Set and fit a TopOGraph object

Then, we’ll create an empty TopOGraph object to perform our analyses. The TopOGraph class is the main class used in TopOMetry to coordinate analyses between the multiple other classes available in the library.

The TopOGraph can learn similarities, latent orthonormal eigenbases and new topological graphs from these eigenbases using various kernels and eigenmap strategies. By default, it uses an adaptive bandwidth kernel to learn a reweighted diffusion operator and and multiscale diffusion maps - this strategy is guaranteed to approximate the Laplace-Beltrami Operator (LBO) regardless of data geometry and sampling distribution.

Because we already know we have 10 classes, we’ll use a slightly larger number of components (n_eigs) to account for possible digits images which may be odd looking (e.g. 8’s that look like 3’s or 1’s). If we hadn’t known it beforehand, we could use larger numbers and try to select a number of components to keep by visualizing an eigengap. We could also try to use Fischer Separability Analysis (FSA) to estimate the global dimensionality of the data, which is also included in TopOMetry.

# Set up a TopOGraph object:
tg = tp.TopOGraph(n_eigs=15, n_jobs=-1, verbosity=0)

tg.fit(X)
TopOGraph object with 1797 samples and 64 observations and:
 . Base Kernels: 
    bw_adaptive - .BaseKernelDict['bw_adaptive']
 . Eigenbases: 
    DM with bw_adaptive - .EigenbasisDict['DM with bw_adaptive']
 . Graph Kernels:
 . Projections: 
 Active base kernel  -  .base_kernel 
 Active eigenbasis  -  .eigenbasis 
 Active graph kernel  -  .graph_kernel

The fit() method in the TopOGraph class learns a similarity kernel (referred to as ‘base kernel’) which will be used to compute an eigenbasis. A new kernel (referred to as ‘graph kernel’) will be used to learn topological affinities from this eigenbasis, which can be used for clustering and graph-layout optimization.

Let’s visualize the eigenspectrum of our multiscale diffusion maps:

tg.eigenbasis.eigenvectors.shape
(1797, 15)
tg.eigenspectrum(figsize = (10, 6))

png

Let’s inspect our eigenbasis class:

tg.eigenbasis
EigenDecomposition() estimator fitted with 1797 samples using Diffusion Maps, weighted by the square root of the eigenvalues.

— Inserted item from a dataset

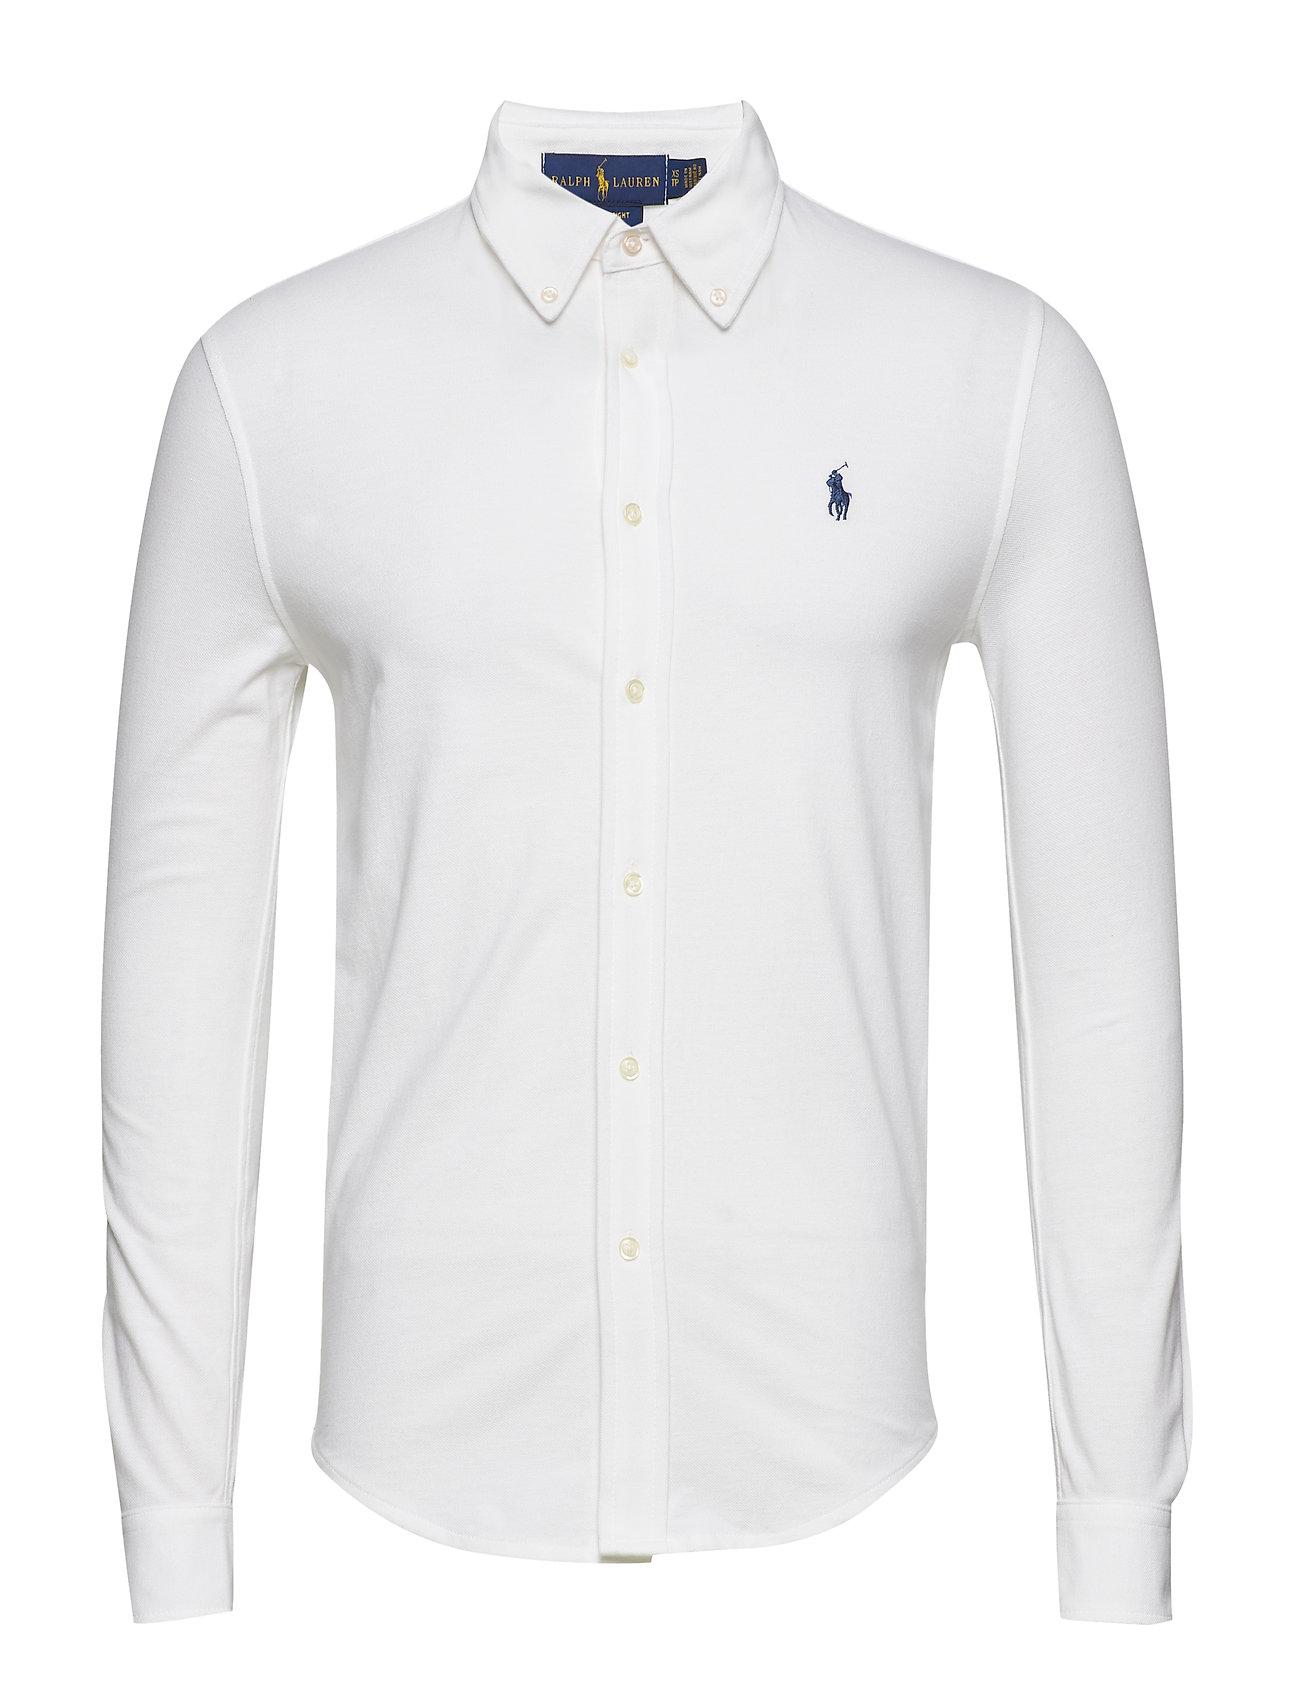 Polo Ralph Lauren Featherweight Mesh Shirt Ögrönlar

The EigenDecomposition class returns its results with the transform() method. All computations are performed during fit().

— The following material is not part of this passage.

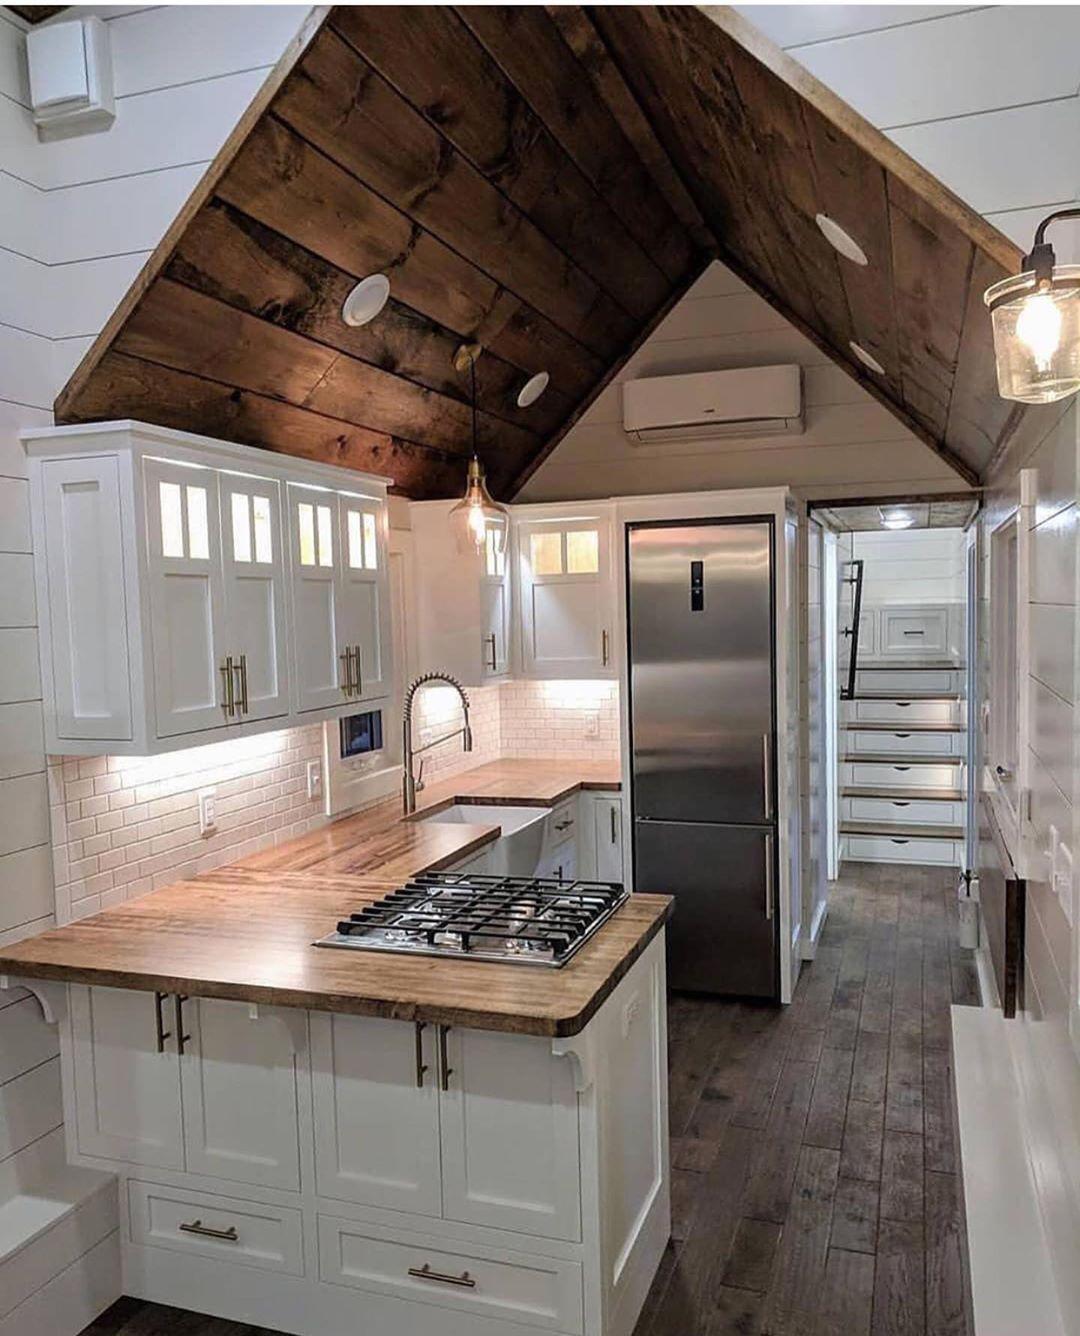 Phenomenal Modern Trends Interior Designs Ideas Tiny House Kitchen Tiny House Interior Design Tiny House Hunters

diffusion_maps = tg.eigenbasis.results()
diffusion_maps.shape
(1797, 15)

Let’s visualize the multiscale diffusion maps results:

plt.scatter(diffusion_maps[:, 0], diffusion_maps[:, 1], c=labels, cmap='Spectral', s=0.5)
plt.gca().set_aspect('equal', 'datalim')
plt.colorbar(boundaries=np.arange(11)-0.5).set_ticks(np.arange(10))
plt.title('Multiscale Diffusion Maps projection of the Digits dataset', fontsize=12)
Text(0.5, 1.0, 'Multiscale Diffusion Maps projection of the Digits dataset')

png

As we see, the diffusion maps do a decent job in separating major classes. However, this is not so great for visualization because each diffusion component will carry information regarding different classes:

from sklearn.decomposition import PCA
pca = PCA(n_components=50)
pca_Y = pca.fit_transform(X)
tp.pl.plot_eigenvectors(pca_Y, n_eigenvectors=10, labels=labels, s=0.5, title='PC', fontsize=24)

png

tp.pl.plot_eigenvectors(diffusion_maps, n_eigenvectors=10, labels=labels, s=0.5, title='DC', fontsize=24)

png

Therefore, ideally we should try to encode the information retrieved by several components into a single visualization to get a better understanding of this data.

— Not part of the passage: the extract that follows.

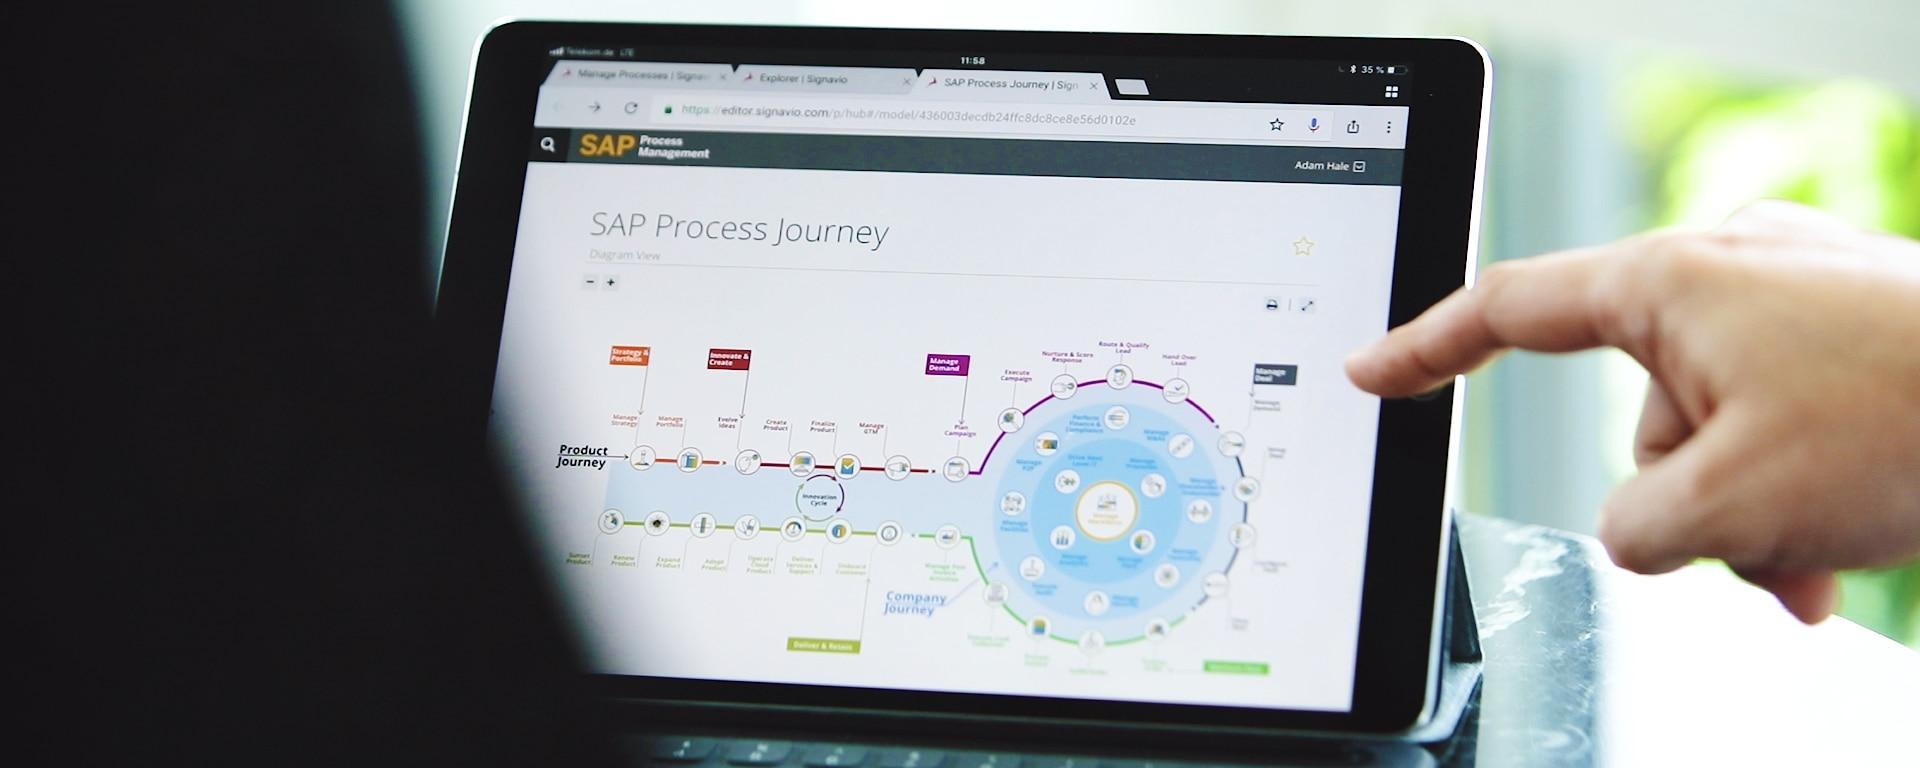 Creating the SAP Process Journey with Signavio | Signavio

That’s why we’ll learn a new affinity graph and use it for visualization and clustering! This is done with the transform() method.

NOTE: You may have noticed the oscilatory pattern here. This is no coincidence. The eigenvectors of the Laplace-Beltrami Operator, like the eigenvectors of the graph Laplacian, form a basis for the space of functions defined on the manifold. This basis is similar to a Fourier basis in that it decomposes functions into a sum of sinusoidal functions with different frequencies. This makes them particularly useful for tasks such as spectral clustering or dimensionality reduction, where the structure of the data (i.e., the functions to be decomposed) is not known a priori.

tg.transform(X)
tg
TopOGraph object with 1797 samples and 64 observations and:
 . Base Kernels: 
    bw_adaptive - .BaseKernelDict['bw_adaptive']
 . Eigenbases: 
    DM with bw_adaptive - .EigenbasisDict['DM with bw_adaptive']
 . Graph Kernels: 
    bw_adaptive from DM with bw_adaptive - .GraphKernelDict['bw_adaptive from DM with bw_adaptive']
 . Projections: 
 Active base kernel  -  .base_kernel 
 Active eigenbasis  -  .eigenbasis 
 Active graph kernel  -  .graph_kernel

The graph kernel object is acessible at TopOGraph.graph_kernel. By default, TopOMetry uses its diffusion operator for visualization:

We can see this diffusion operator encodes the main 10 digits classes present in the data, with some uncertaintiny between similar classes:

plt.spy(tg.graph_kernel.P, markersize=0.1)
<matplotlib.lines.Line2D at 0x7f164d18ec80>

png

Project the results with a graph-layout method

Now let’s visualize this graph! FOr visualization, we’’ll use the project() method in TopOGraph. It takes as arguments the number of components, the method to be use for graph projection, an optional initialization and other keyword arguments.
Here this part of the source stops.